Map/Reduce is a general computation framework, loosely based on functional programming[1]. It assumes that data exists in a K/V store

  • map((K1, V1), f: (K1, V1) -> (K2, V2)): List[(K2, V2)]
  • reduce((K2, List[V2])): List[(K3, V3)]

Map/Reduce as a system was proposed by Dean & Ghemawat [2], along with the GFS.

Map/Reduce execution overview

  • DFS chunks are assigned to Map tasks processing each chunk into a sequence of KV pairs.
  • Periodically, the buffered pairs are written to local disk.
  • The keys are divided among all Reduce tasks.
  • Reduce tasks work on each key separately and combine all the values associated with a specific key.

Hadoop: OSS Map/Reduce

Hadoop cluster
Hadoop cluster

Hadoop: Pros and Cons

What is good about Hadoop: Fault tolerance

Hadoop was the first framework to enable computations to run on 1000s of commodity computers.

What is wrong: Performance

  • Before each Map or Reduce step, Hadoop writes to HDFS
  • Hard to express iterative problems in M/R
    • All machine learning problems are iterative
The Hadoop Workflow
The Hadoop Workflow

DryadLINQ

Optional reading (not part of the exam material)

Microsoft’s DryadLINQ combined the Dryad distributed execution engine with the LINQ language for defining queries.

DryadLINQ architecture
DryadLINQ architecture

FlumeJava

Optional reading (not part of the exam material)

Google’s FlumeJava attempted to provide a few simple abstractions for programming data-parallel computations. These abstractions are higher-level than those provided by MapReduce, and provide better support for pipelines.

PTable<String,Integer> wordsWithOnes =
  words.parallelDo( new DoFn<String, Pair<String,Integer>>() {
    void process(String word,
                 EmitFn<Pair<String,Integer>> emitFn) {
      emitFn.emit(Pair.of(word, 1));
    }
  }, tableOf(strings(), ints()));

PTable<String,Collection<Integer>>
  groupedWordsWithOnes = wordsWithOnes.groupByKey();

PTable<String,Integer> wordCounts =
  groupedWordsWithOnes.combineValues(SUM_INTS);

Spark and RDDs

What is Spark?

Spark is on open source cluster computing framework.

  • automates distribution of data and computations on a cluster of computers
  • provides a fault-tolerant abstraction to distributed datasets
  • is based on functional programming primitives
  • provides two abstractions to data, list-like (RDDs) and table-like (Datasets)
Spark Logo
Spark Logo

Resilient Distributed Datasets (RDDs)

RDDs are the core abstraction that Spark uses.

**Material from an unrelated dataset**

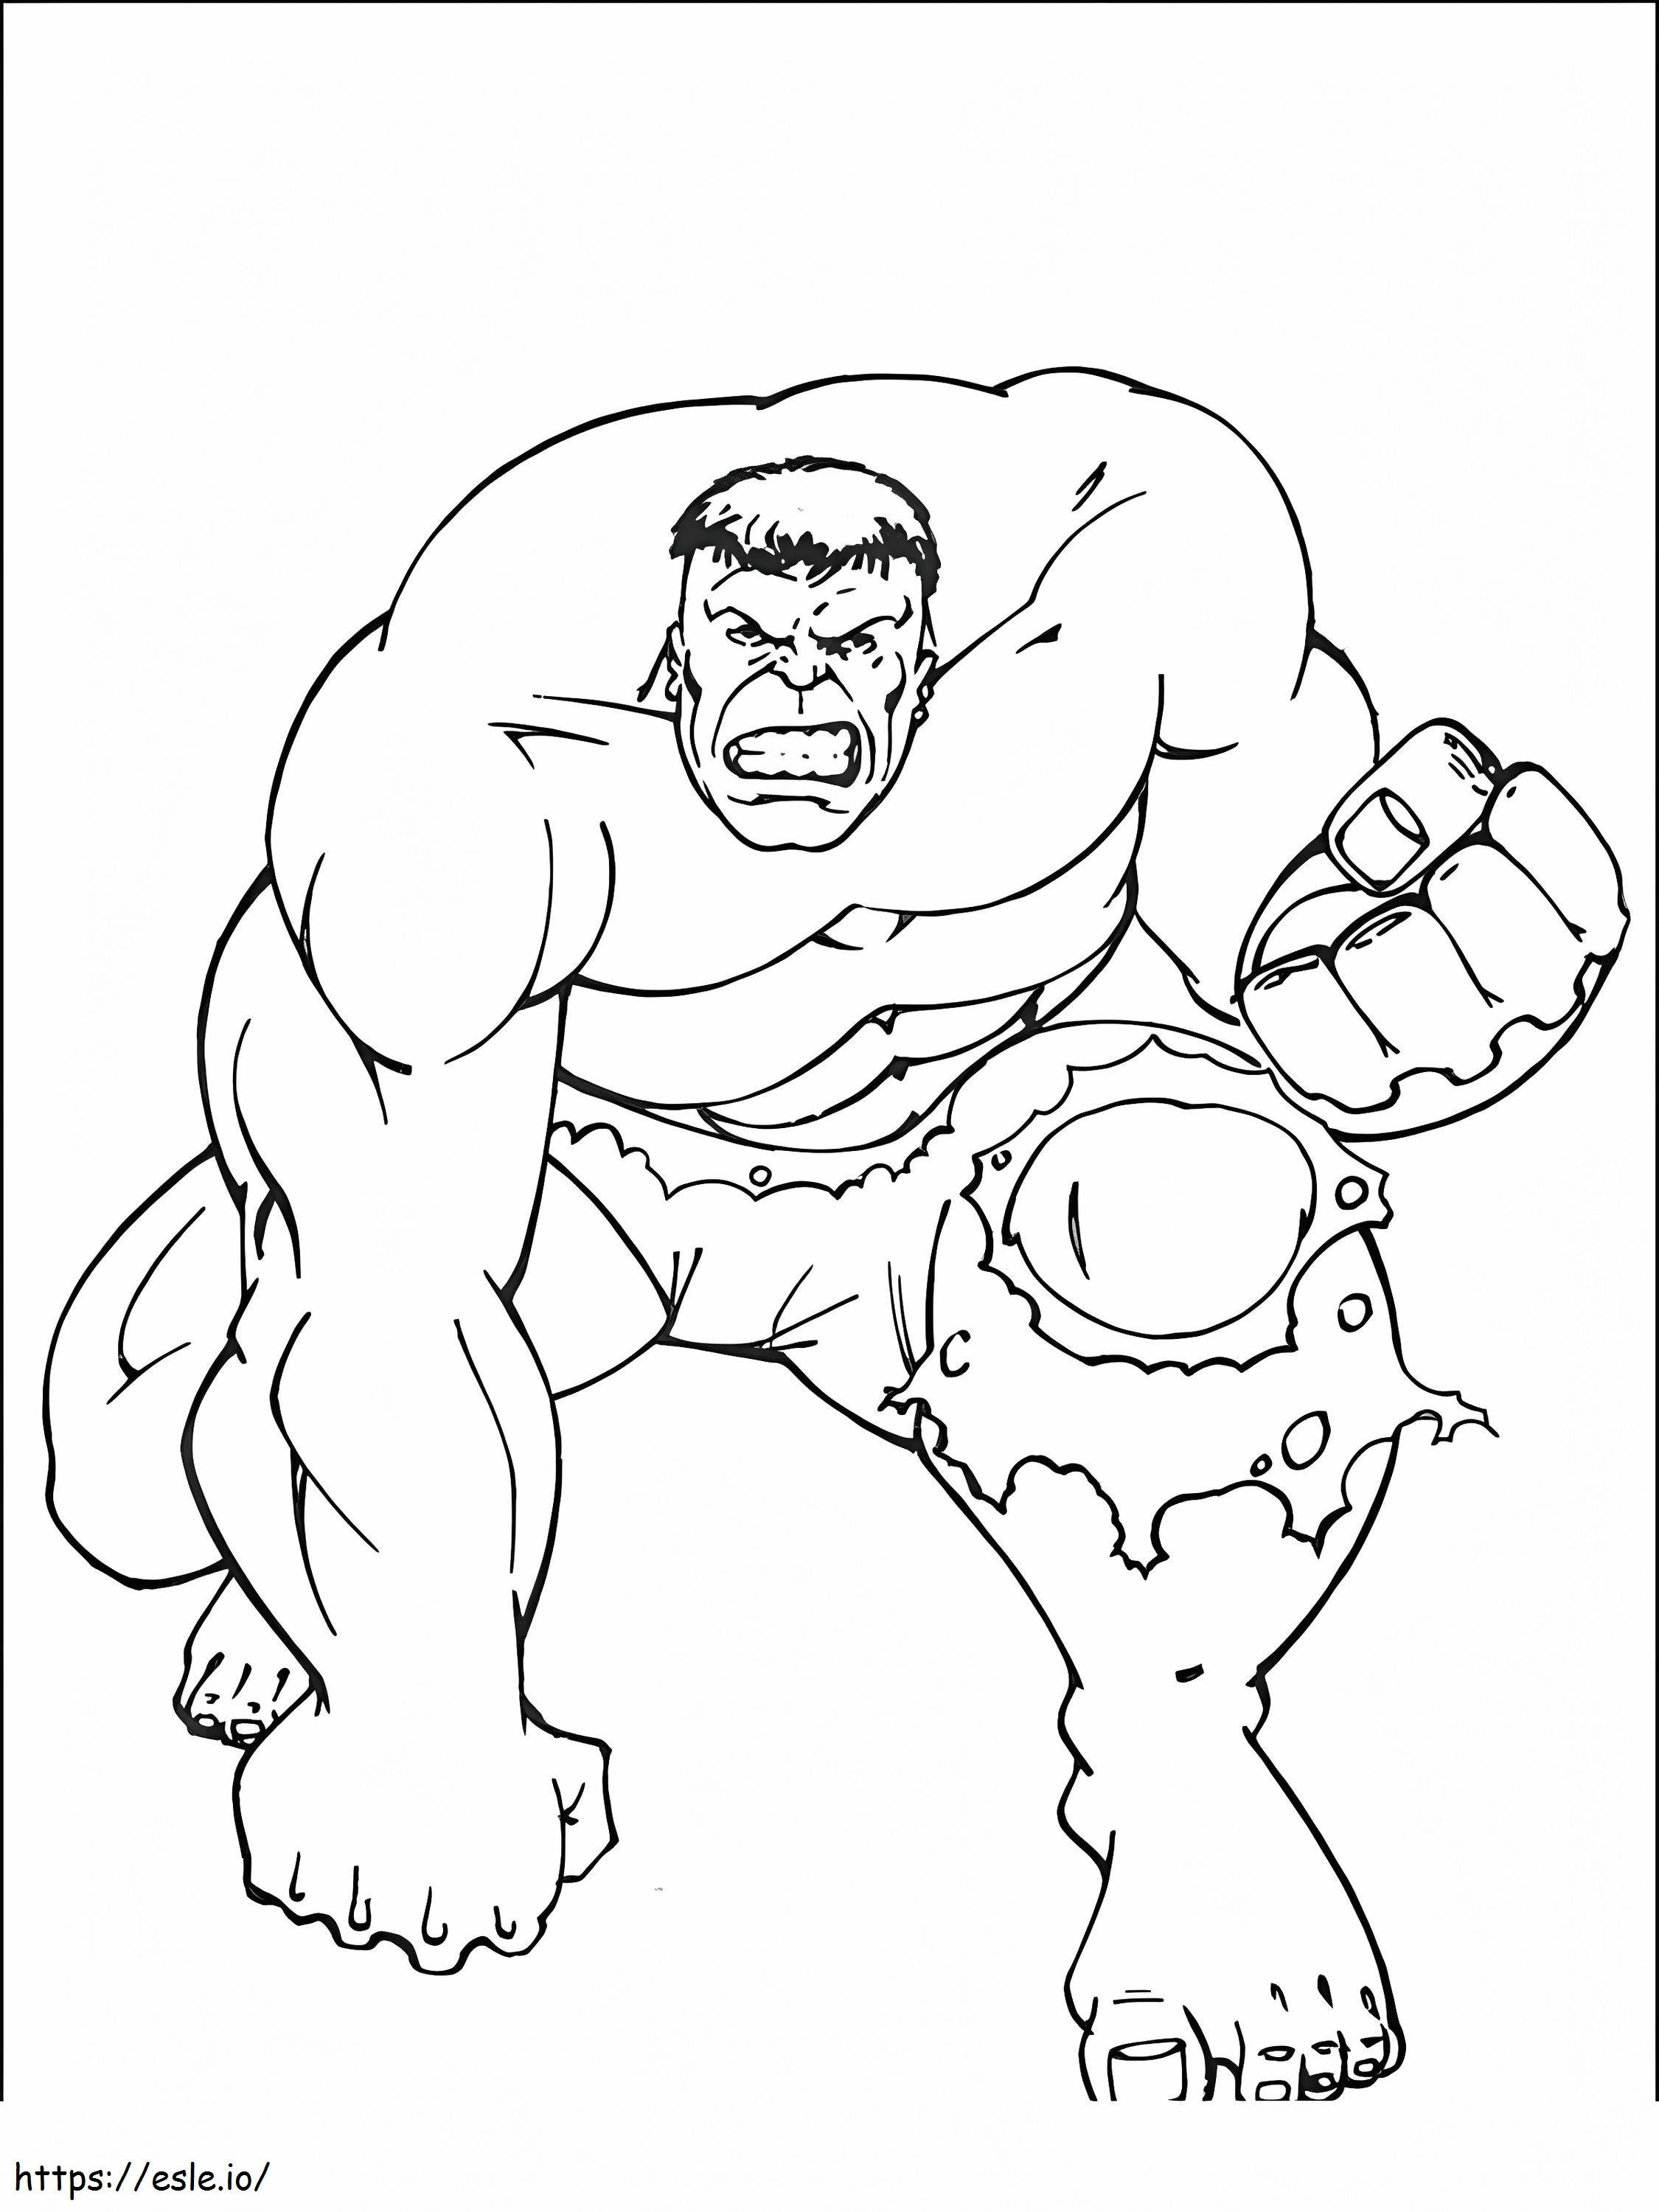 Hulk-Kampf ausmalbilder

RDDs make datasets distributed over a cluster of machines look like a Scala collection. RDDs:

  • are immutable
  • reside (mostly) in memory
  • are transparently distributed
  • feature all FP programming primitives
    • in addition, more to minimize shuffling

In practice, RDD[A] works like Scala’s List[A]

Counting words with Spark

// http://classics.mit.edu/Homer/odyssey.mb.txt
val rdd = sc.textFile("./datasets/odyssey.mb.txt")
rdd
  .flatMap(l => l.split(" "))          // Split file in words
  .map(x => (x, 1))                    // Create key,1 pairs
  .reduceByKey((acc, x) => acc + x)    // Count occurrences of same pairs
  .sortBy(x => x._2, false)            // Sort by number of occurrences
  .take(50)                            // Take the first 50 results
  .foreach(println)

How to create an RDD?

RDDs can only be created in the following 3 ways

  1. Reading data from external sources
val rdd1 = sc.textFile("hdfs://...")
val rdd2 = sc.textFile("file://odyssey.txt")
val rdd3 = sc.textFile("s3://...")

. . .

  1. Convert a local memory dataset to a distributed one
val xs: Range = Range(1, 10000)
val rdd: RDD[Int] = sc.parallelize(xs)

. . .

  1. Transform an existing RDD
rdd.map(x => x.toString) //returns an RDD[String]

RDDs are lazy!

There are two types of operations we can do on an RDD:

  • Transformation: Applying a function that returns a new RDD. They are lazy.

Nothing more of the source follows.